Re: [BEAM-135] Utilities for "batching" elements in a DoFn

2017-01-26 Thread Ben Chambers
I think that wrapping the DoFn is tricky -- we backed out
IntraBundleParallelization because it did that, and it has weird
interactions with both the reflective DoFn and windowing. We could maybe
make some kind of "DoFnDelegatingDoFn" that could act as a base class and
get some of that right, but...

One question I have is whether this batching should be "make batches of N
and if you need to wait for the Nth element do so" or "make batches of at
most N but don't wait too long if you don't get to N". In the former case,
we'll need to do something to buffer elements between bundles -- whether
this is using State or a GroupByKey, etc. In the latter case, the buffering
can happen entirely within a bundle -- if you get to the end of the bundle
and only have 5 elements, even if 5 < N, process that as a batch (rather
than shifting it somewhere else).

On Thu, Jan 26, 2017 at 3:01 PM Robert Bradshaw 
wrote:

> On Thu, Jan 26, 2017 at 12:48 PM, Eugene Kirpichov
>  wrote:
> > I don't think we should make batching a core feature of the Beam
> > programming model (by adding it to DoFn as this code snippet implies).
> I'm
> > reasonably sure there are less invasive ways of implementing it.
>
> +1, either as a PTransform or a DoFn that
> wraps/delegates to a DoFn.
>
> > On Thu, Jan 26, 2017 at 12:22 PM Jean-Baptiste Onofré 
> > wrote:
> >
> >> Agree, I'm curious as well.
> >>
> >> I guess it would be something like:
> >>
> >> .apply(ParDo(new DoFn() {
> >>
> >> @Override
> >> public long batchSize() {
> >>   return 1000;
> >> }
> >>
> >> @ProcessElement
> >> public void processElement(ProcessContext context) {
> >>   ...
> >> }
> >> }));
> >>
> >> If batchSize (overrided by user) returns a positive long, then DoFn can
> >> batch with this size.
> >>
> >> Regards
> >> JB
> >>
> >> On 01/26/2017 05:38 PM, Eugene Kirpichov wrote:
> >> > Hi Etienne,
> >> >
> >> > Could you post some snippets of how your transform is to be used in a
> >> > pipeline?

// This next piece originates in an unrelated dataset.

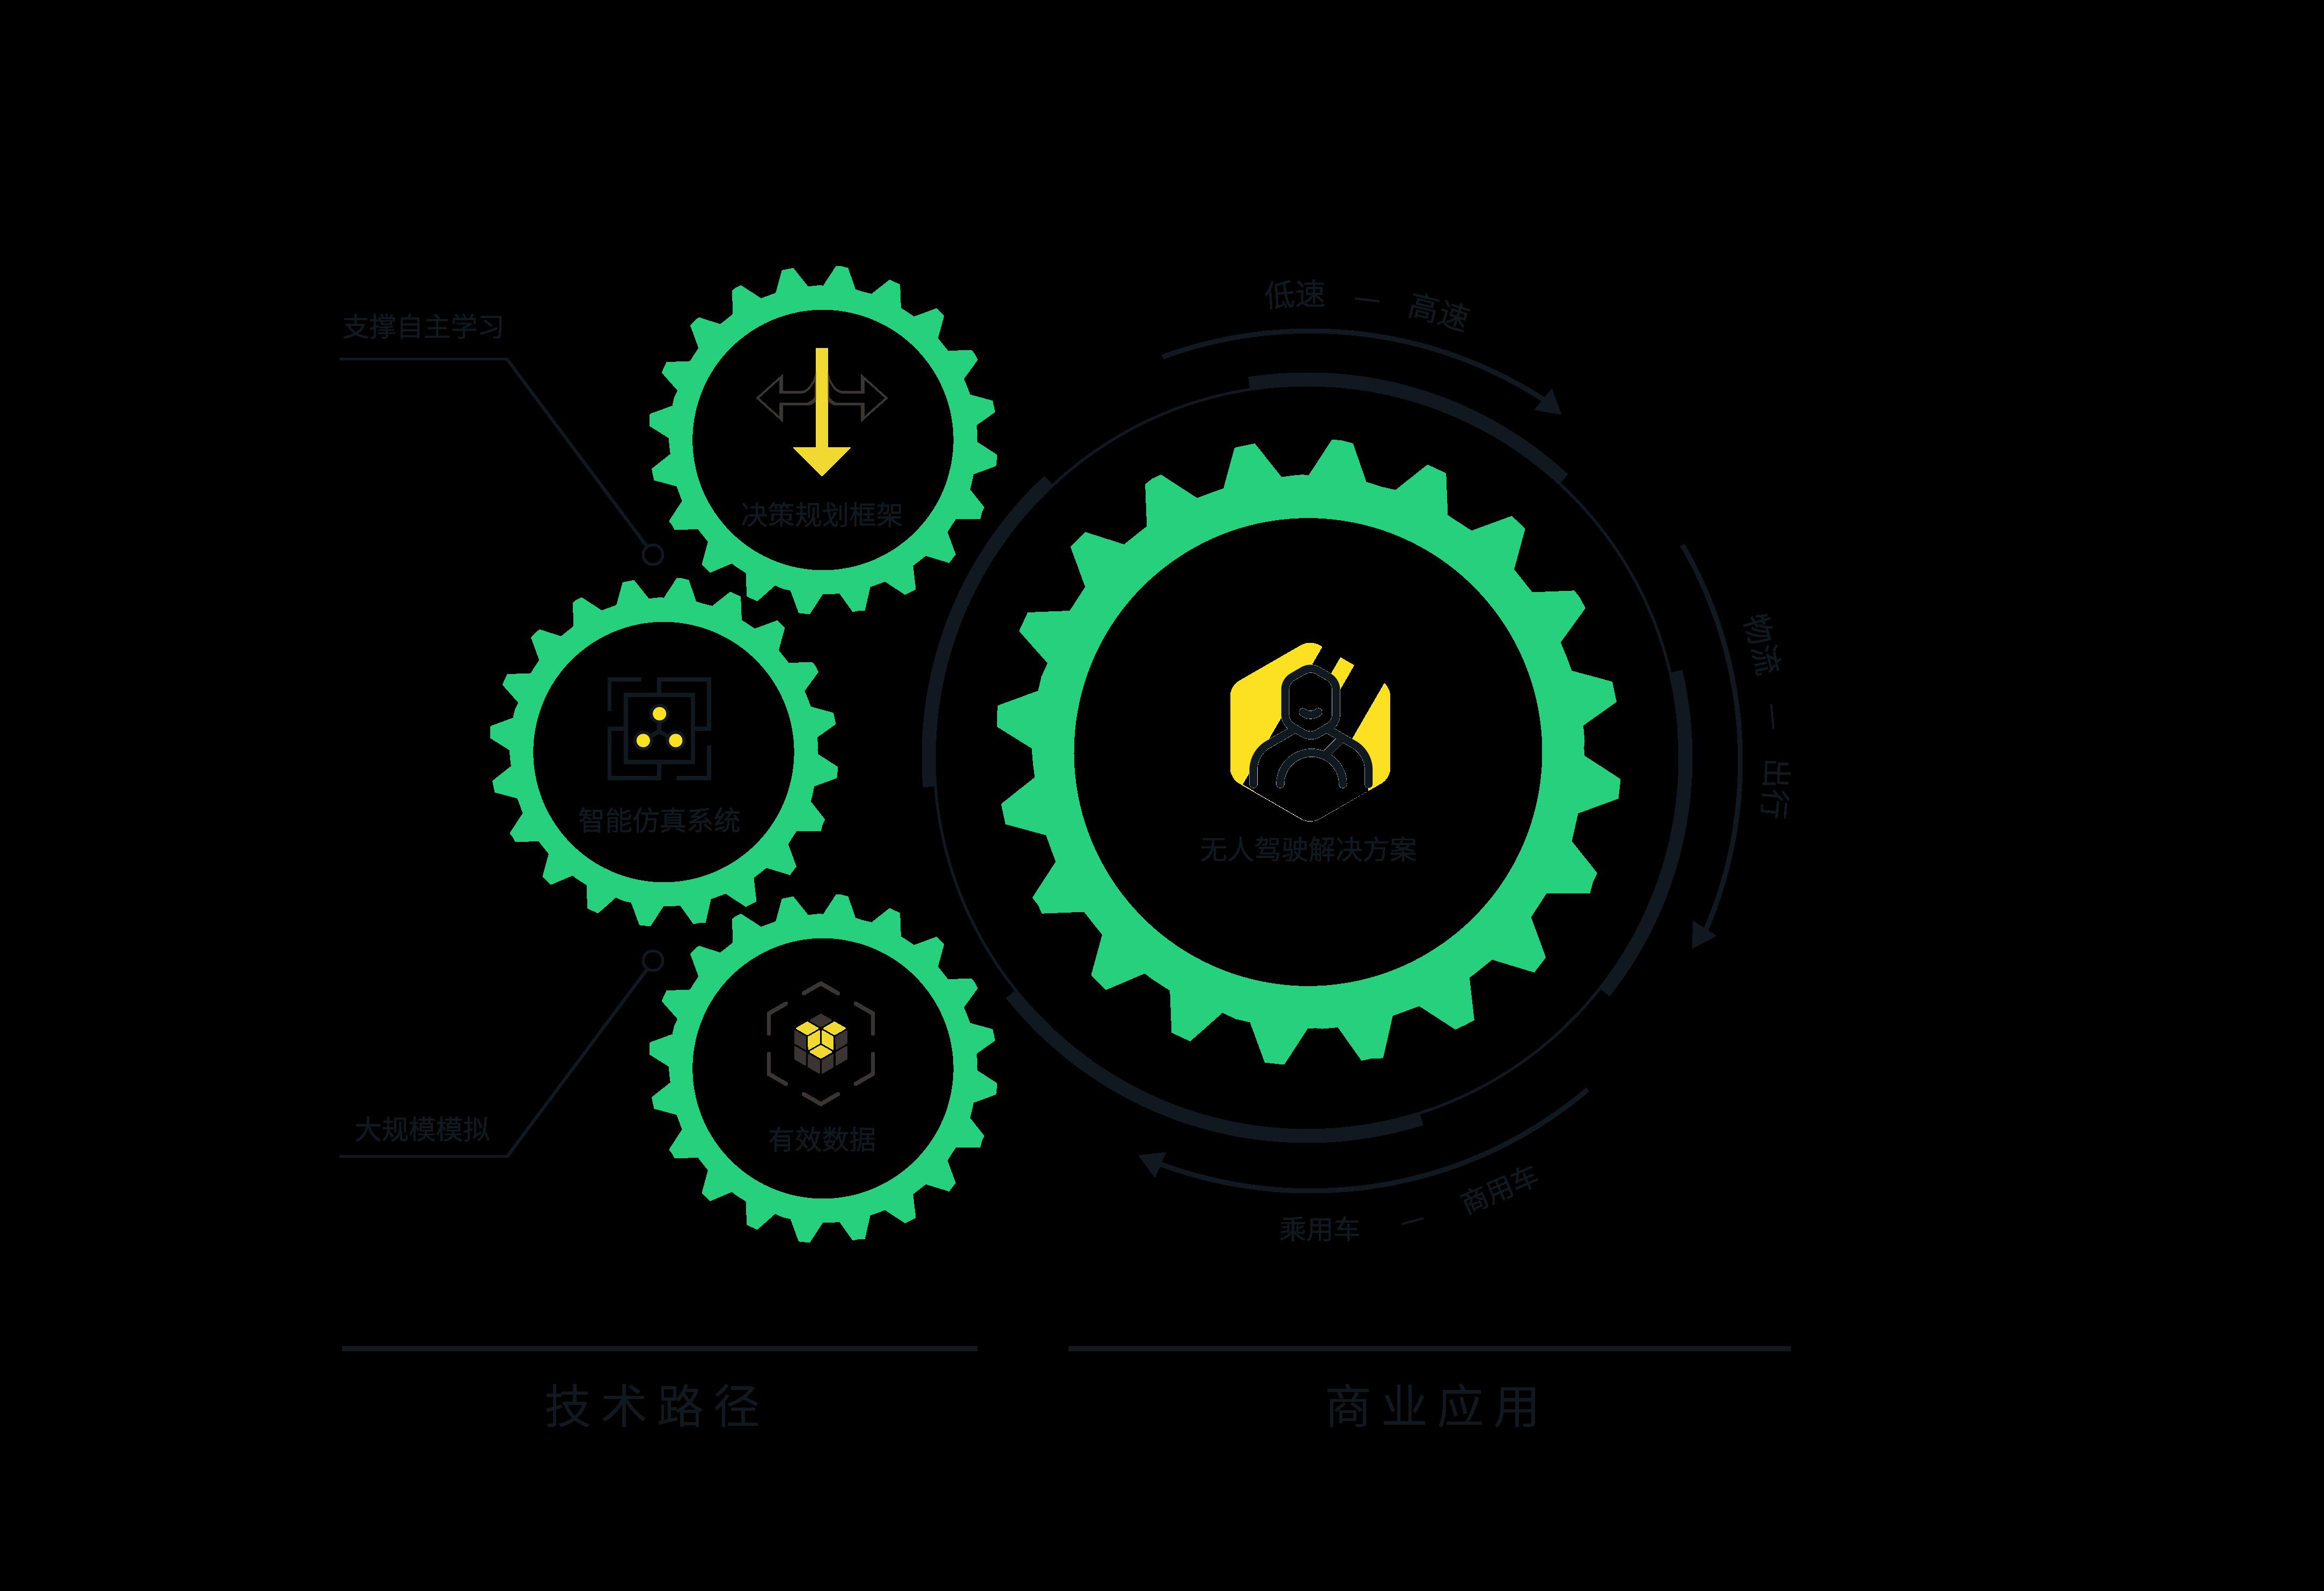 轻舟智航基于大规模智能仿真系统及可自主学习决策规划框架的技术路径

I think that would make it easier to discuss on this thread
> and
> >> > could save a lot of churn if the discussion ends up leading to a
> >> different
> >> > API.
> >> >
> >> > On Thu, Jan 26, 2017 at 8:29 AM Etienne Chauchot  >
> >> > wrote:
> >> >
> >> >> Wonderful !
> >> >>
> >> >> Thanks Kenn !
> >> >>
> >> >> Etienne
> >> >>
> >> >>
> >> >> Le 26/01/2017 à 15:34, Kenneth Knowles a écrit :
> >> >>> Hi Etienne,
> >> >>>
> >> >>> I was drafting a proposal about @OnWindowExpiration when this email
> >> >>> arrived. I thought I would try to quickly unblock you by responding
> >> with
> >> >> a
> >> >>> TL;DR: you can achieve your goals with state & timers as they
> currently
> >> >>> exist. You'll set a timer for
> >> window.maxTimestamp().plus(allowedLateness)
> >> >>> precisely - when this timer fires, you are guaranteed that the input
> >> >>> watermark has exceeded this point (so all new data is droppable)
> while
> >> >> the
> >> >>> output timestamp is held to this point (so you can safely output
> into
> >> the
> >> >>> window).
> >> >>>
> >> >>> @OnWindowExpiration is (1) a convenience to save you from needing a
> >> >> handle
> >> >>> on the allowed lateness (not a problem in your case) and (2)
> actually
> >> >>> meaningful and potentially less expensive to implement in the
> absence
> >> of
> >> >>> state (this is why it needs a design discussion at all, really).
> >> >>>
> >> >>> Caveat: these APIs are new and not supported in every runner and
> >> >> windowing
> >> >>> configuration.
> >> >>>
> >> >>> Kenn
> >> >>>
> >> >>> On Thu, Jan 26, 2017 at 1:48 AM, Etienne Chauchot <
> echauc...@gmail.com
> >> >
> >> >>> wrote:
> >> >>>
> >>  Hi,
> >> 
> >>  I have started to implement this ticket. For now it is implemented
> as
> >> a
> >>  PTransform that simply does ParDo.of(new DoFn) and all the
> processing
> >>  related to batching is done in the DoFn.
> >> 
> >>  I'm starting to deal with windows and bundles (starting to take a
> look
> >> >> at
> >>  the State API to process trans-bundles, more questions about this
> to
> >> >> come).
> >>  My comments/questions are inline:
> >> 
> >> 
> >>  Le 17/01/2017 à 18:41, Ben Chambers a écrit :
> >> 
> >> > We should start by understanding the goals. If elements are in
> >> >> different
> >> > windows can they be out in the same batch? If they have different
> >> > timestamps what timestamp should the batch have?
> >> >
> >>  Regarding timestamps: currently design is as so: the transform does
> >> not
> >>  group elements in the PCollection, so the "batch" does not exist
> as an
> >>  element in the PCollection. There is only a user defined function
> >>  (perBatchFn) that gets called when batchSize elements have been
> >> >> processed.
> >>  This function takes an 

Re: [BEAM-135] Utilities for "batching" elements in a DoFn

2017-01-26 Thread Robert Bradshaw
On Thu, Jan 26, 2017 at 12:48 PM, Eugene Kirpichov
 wrote:
> I don't think we should make batching a core feature of the Beam
> programming model (by adding it to DoFn as this code snippet implies). I'm
> reasonably sure there are less invasive ways of implementing it.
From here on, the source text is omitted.